Monday, Oct. 02, 1989
The Adam and Eve of Modernism
By ROBERT HUGHES
Picasso and Braque: Pioneering Cubism," which goes on view this week at the Museum of Modern Art in New York City, is by far the most demanding show MOMA has ever done. Whatever one's stamina for comparing nuances of pictorial meaning, it will be taxed by this long sequence of more than 350 mostly small, mostly brown works of art that fill two floors of the museum through Jan. 16. This will be the array of Cubist evidence at which future scholars will look back. Curator William Rubin, director emeritus of MOMA's department of painting and sculpture, has called in all his markers. "Picasso and Braque" is his retirement aria, the climax of a great career in modernist scholarship.
Cubism is the archetype of 20th century cultural movements. Indeed, it is the reason so many people have come to think of modern art as a sequence of movements, group activities. Neither Pablo Picasso nor Georges Braque could have created it on his own: it was a truly cooperative process in which Picasso (for a short time) was relieved of the psychic burden of egoistic creation -- the loneliness of the virtuoso -- and the more cautious and measured Braque was spurred into radical experiment. It marks, more clearly than any other, the point at which modern art broke away from commonsense vision and split its audience into a tiny coterie who "got it" and a large majority who did not. By making the process of creation part of its subject, it ushered in the self-reflexiveness of modernism: art thinking about art.

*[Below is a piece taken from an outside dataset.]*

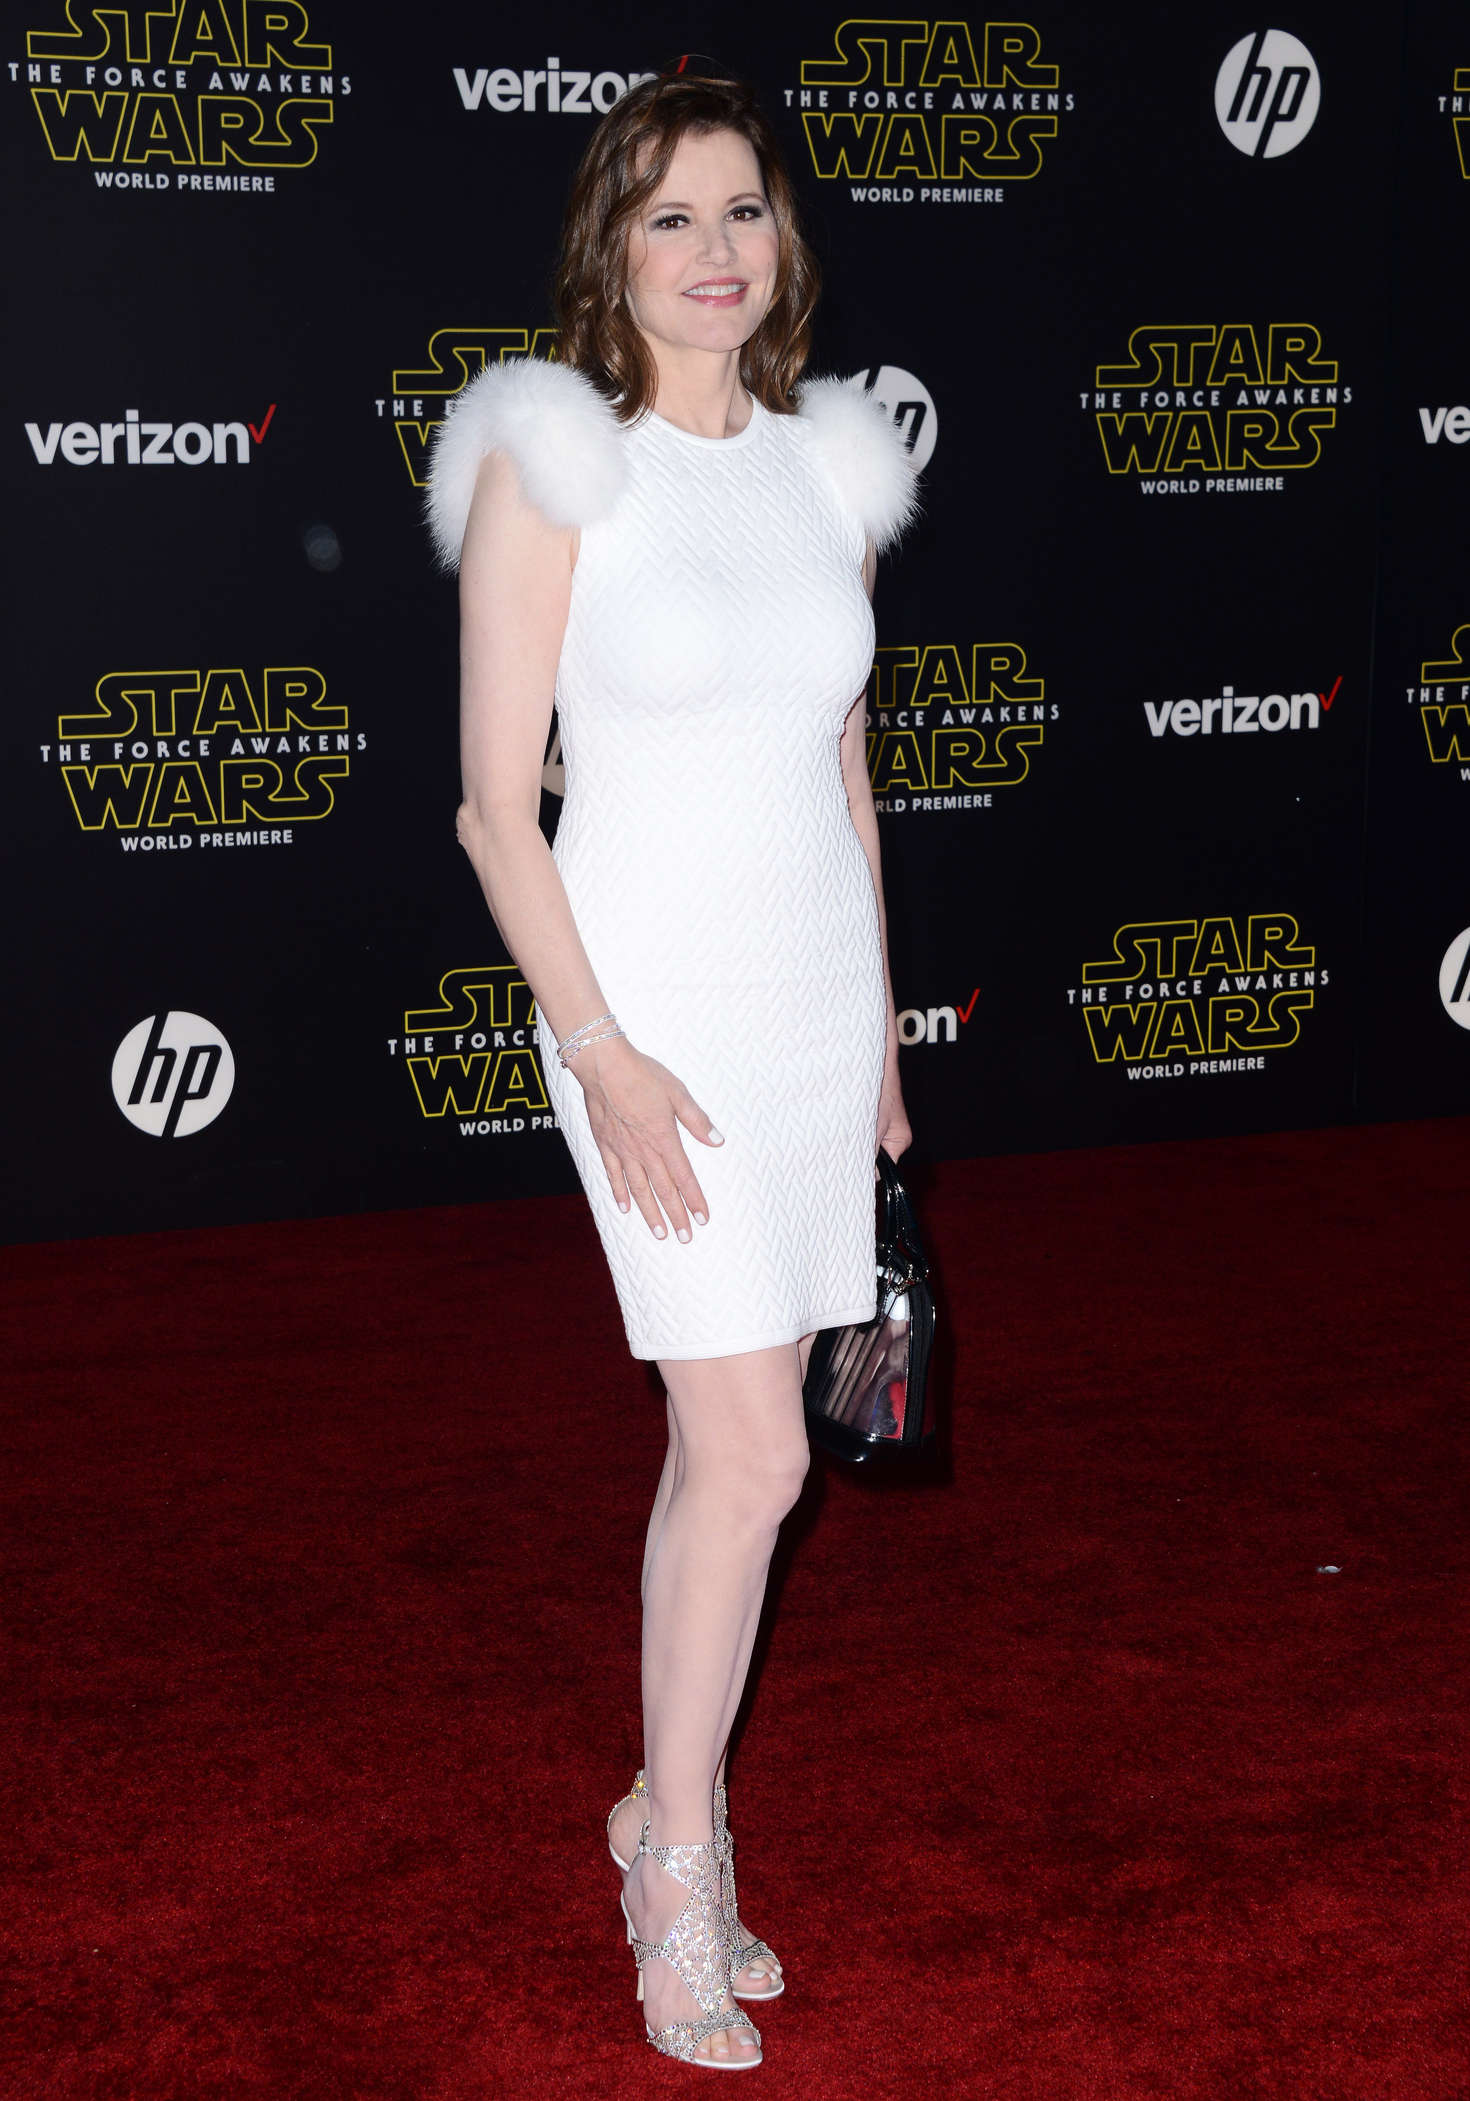 Geena Davis Star Wars The Force Awakens Premiere in Hollywood

The American museum industry has long argued that practically all later styles of 20th century painting and sculpture can be defined through either their origins in Cubism or their opposition to it. Abstract art comes out of the virtual disappearance of the recognizable nude or still life from Braque's and Picasso's work in the autumn of 1911. Pop art is born in the letters, headlines and brand names they stenciled and glued onto their surfaces. Constructivist sculpture descends from Braque's paper constructions and Picasso's tin guitar. Abstract Expressionism gets its originality from its struggle to "escape the Cubist grid" -- which was never a grid anyway. Cubism, from this simplified and patristic standpoint, becomes the tree in the primal garden of modernism, and Picasso and Braque its Adam and Eve.
Hence whole pyramids and stupas of doctoral paper have been raised over its site. No short period in the lives of two artists -- about seven years from Picasso's completion of Les Demoiselles d'Avignon in 1907 to Braque's enlistment in the French army in 1914 -- has been more analyzed by more hands. Rather than try to boil down all this material for the general public (a hopeless task), Rubin has taken a biographical approach, focusing entirely on the give-and-take between the two men, their bonds and differences, their mutual way of working through what he rightly calls "the most passionate adventure in our century's art."
Cubism has never gone soft; it remains, after 80 years, mysterious, challenging and resistant. Neither Picasso nor Braque said much to explain what they believed they were doing. Their Cubist work contains no ideological positions, dramatic subject matter or easy anecdotes. It disdains narrative and sentiment -- a severe test for Picasso, whose Blue and Rose periods had been full of both. (On the other hand, both men's paintings and collages were seeded with puns, sly allusions and In jokes: when the fragmentary writing on one of Picasso's paintings from 1912 declares that "Notre Avenir est dans l'air ((Our Future is in the air))," one remembers that the two men liked to wear mechanics' clothes and compare themselves to the Wright brothers, who had given flying shows in Paris in 1908, and that Picasso's nickname for Braque was "Wilbourg" -- Wilbur.) It is difficult, subtle, cerebral and on the whole quite unspectacular art, brimming with an inventiveness that, simply because it has become so embedded in our very conception of modernity, can sometimes be quite difficult to see in its true quality.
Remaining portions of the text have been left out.